A bone of an animal contains $\frac{1}{10}$mol of the carbon when it dies.

(a) How many carbon-14 atoms would be left after 200,000 years?

(b) Is carbon-14 dating useful to predict the age of such an old bone? Explain.

It’s given that t = 200,000 y

As we know, the Mathematical expression for the half-life is given by:

$t_{\frac{1}{2}}=\frac{0.693}{\lambda }$ ………….. (1)

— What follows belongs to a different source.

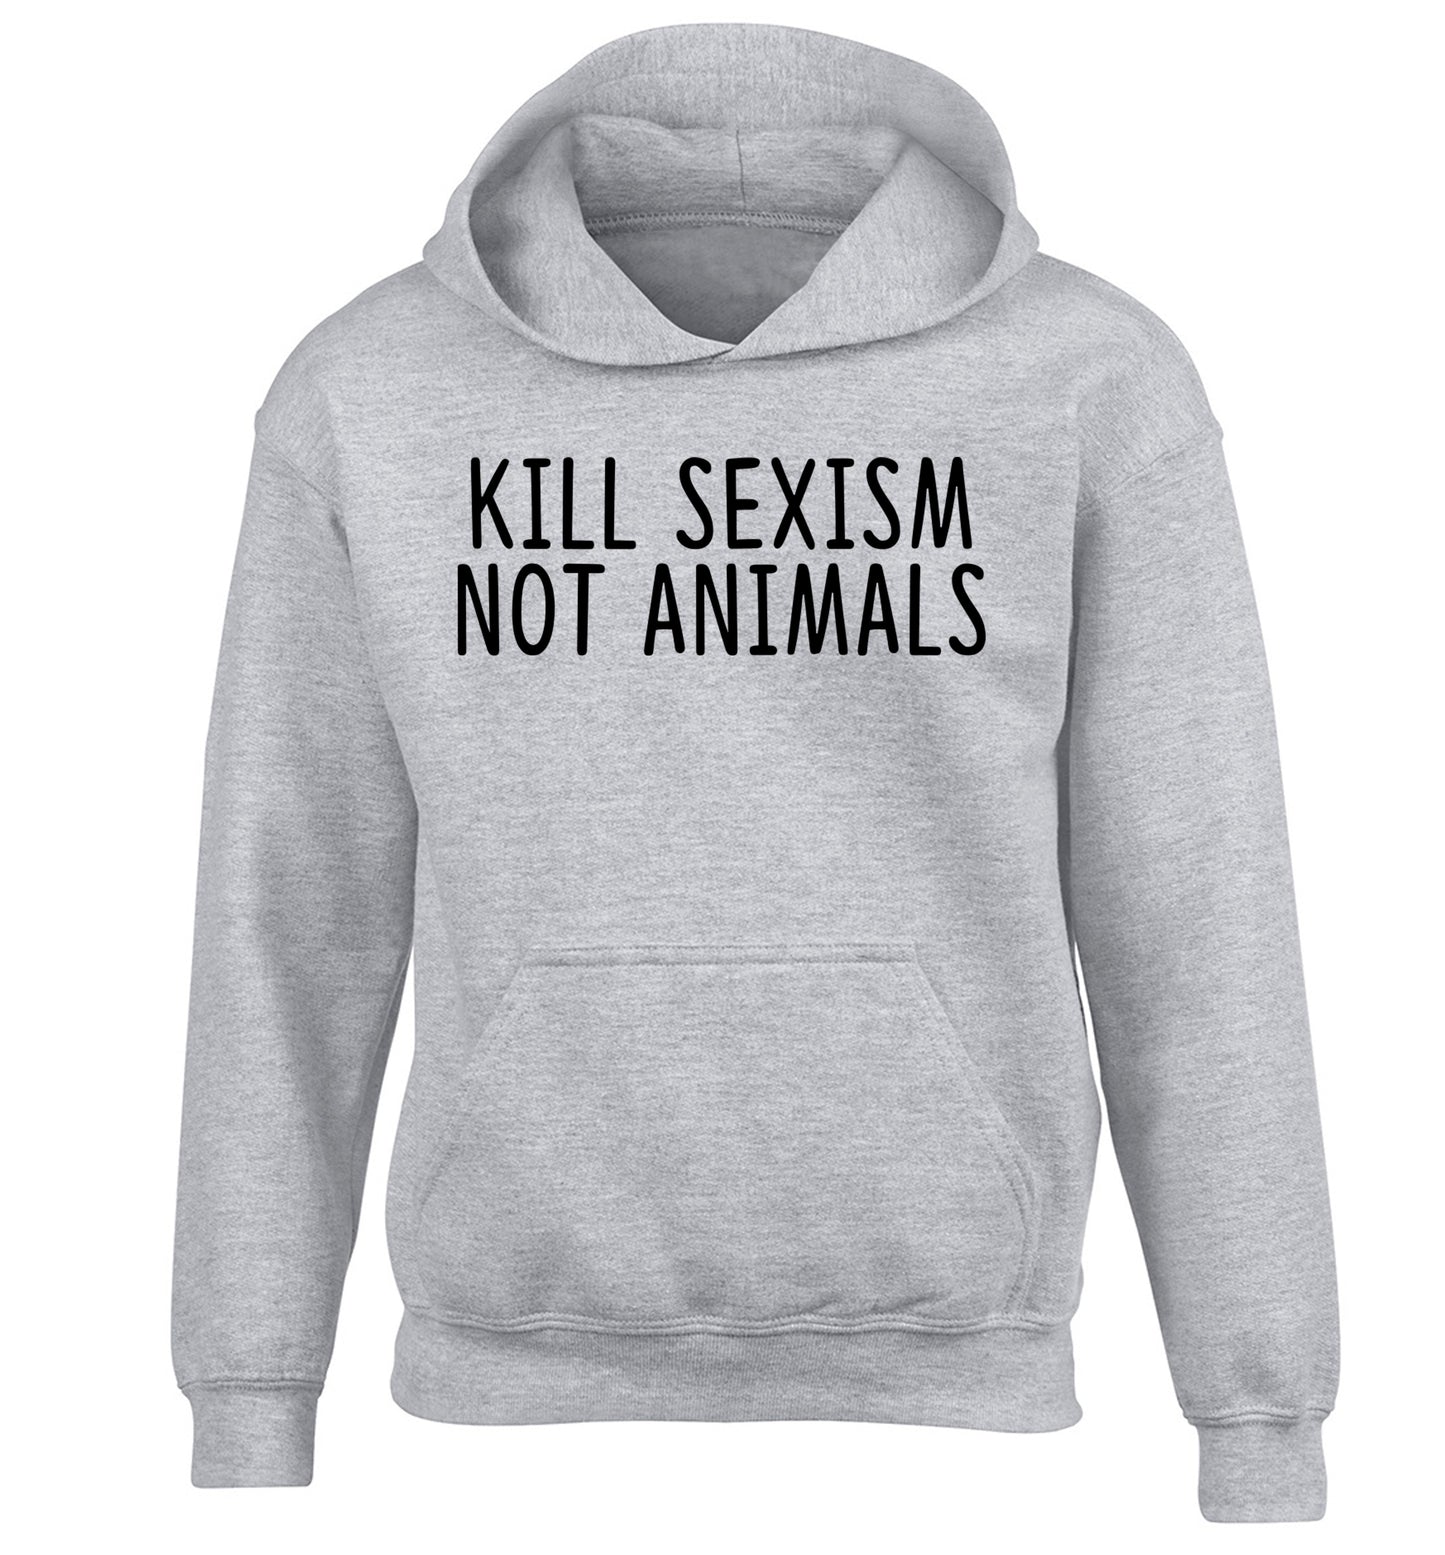 Kill Sexism Not Animals children's grey hoodie 12-13 Years

Where $\lambda$disintegration constant.

Expression for the activity of radioactivity sample is given by:

$R=\lambda N$ ………………. (2)

And radioactive decay equation is given by:

$N=N_0{e}^{-\lambda t}$

The number of carbon atoms can be calculated by using the following question

$N_0=\frac{w}{M}{N}_A$

Out of$\frac{\text{1}}{\text{10}}$mol of carbon atoms can be calculated by using the following equation.

Substitute 1.0 g for w, 10g/mol for M and $\text{6.023}\times {\text{10}}^{\text{23}}$for${\text{N}}_{\text{A}}$in the above equation, and we get,

$\begin{array}{rcl}{N}_0& =& \frac{1g}{10g/mol}(6.02\times {10}^{23}/mol)\\ & =& 5.02\times {10}^{22}\\ & & \end{array}$

The number of atoms is:

$\begin{array}{rcl}N& =& 6.02\times {10}^{22}\times 1.3\times {10}^{-12}\\ & =& 7.83\times {10}^{10}\\ & & \end{array}$

The relation between half-life and decay constant as:

$\lambda =\frac{In2}{T_{1/2}}$

Substitute 5730 y for${\text{T}}_{\text{1/2}}$ in the above equation, we get:

$\begin{array}{rcl}\lambda & =& \frac{In2}{5730y}\\ & =& 1.21\times {10}^{-4}{y}^{-1}\\ & & \end{array}$

In 200,000 y, the number of the particle will change according to:

$\begin{array}{rcl}{N}_1& =& N_0{e}^{-\lambda t}\\ & =& 7.83\times {10}^{10}{e}^{-1.21\times {10}^{-4}{y}^{-1}\times 200,000y}\\ & =& 2.42\\ & & \end{array}$

There are $\text{7.83}\times {\text{10}}^{\text{10}}$particles of carbon-14 datingto predict the age of old bone, so around 2.42 atoms will be left.

Carbon-14 is not particularly good for dating anything this old since the carbon-14 atoms left are a relatively small fraction of the original atoms, making measurements difficult.